The film's grain appears to be natural and undisturbed by inappropriate digital manipulation such as
high frequency filtering or artificial sharpening. The use of a BD-50, along with an absence of
extras, has allowed the image to "breathe", ensuring a lack of compression artifacts.
The disappointment is an intermittent lack of sharpness, especially in distant objects and faces in
longer shots. While it is always possible that such softness is inherent in the source material, that
was not a typical characteristic of films of the period, and I don't remember being struck by it
when the film was in theaters. Nor is filtering or softening of the image noticeable in close-ups,
where the image is just as likely to be sharp and detailed. Since Disclosure was shot with
anamorphic lenses and utilized the entire expanse of the 35mm frame, there should be no loss of
detail due to blow-ups or extractions. I can't explain the indistinctness; I can only report it.

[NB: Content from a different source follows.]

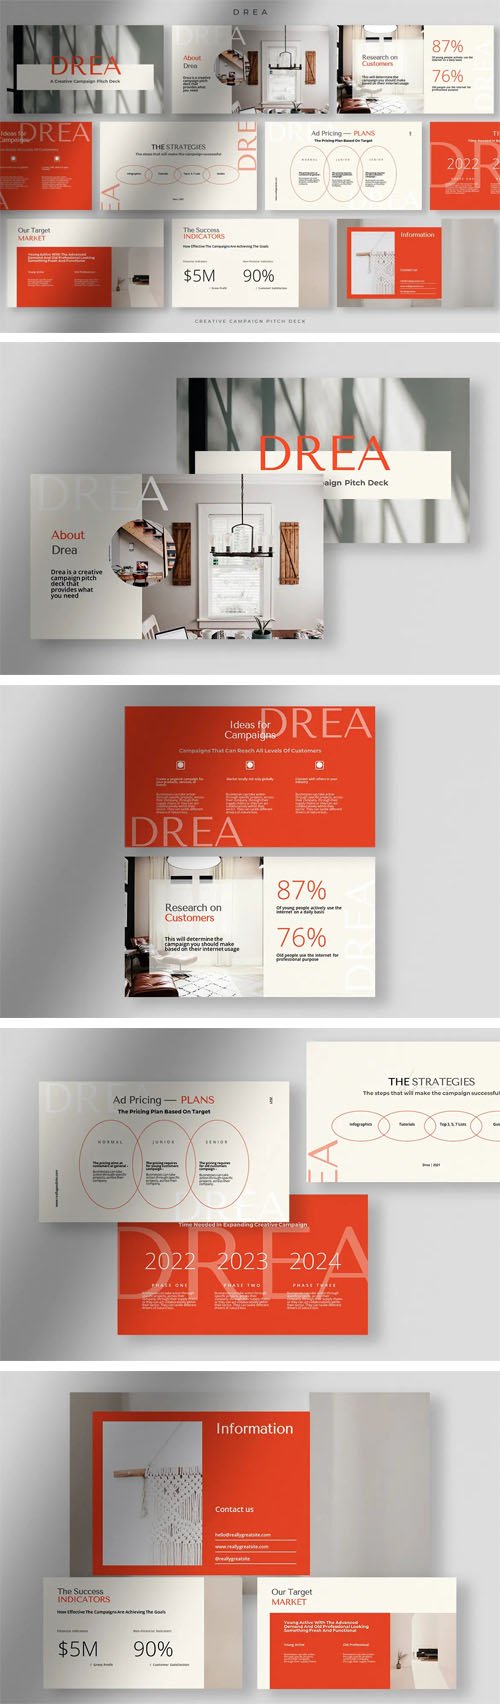 Drea - Creative Campaign Presentation Pitch Deck

The highlight of Disclosure's DTS-HD MA 5.1 tracks is Tom Sanders' journey into the virtual
reality environment known as "The Corridor", which is the only way he can inspect the
company's files after his privileges are revoked. An ILM creation, The Corridor may not look
like much by today's gaming standard, but it sounds fantastic, as the film's mixers take
advantage of its artificial world to surround the viewer with voices, echoes, footfalls and a kind
of nightmare parody of the paranoid office environment in which Tom has been operating since
his encounter with Meredith. One of the most interesting editorial choices in the film is to
maintain this sonic environment even as the scene shifts to the evil Meredith back at DigiCom, as
she sits down to her computer to begin erasing evidence of her misdeeds. At this point, there's no
real difference between the real Meredith and the spooky avatar Tom will shortly encounter in
VR. They're both cold-blooded, and they're both his enemy.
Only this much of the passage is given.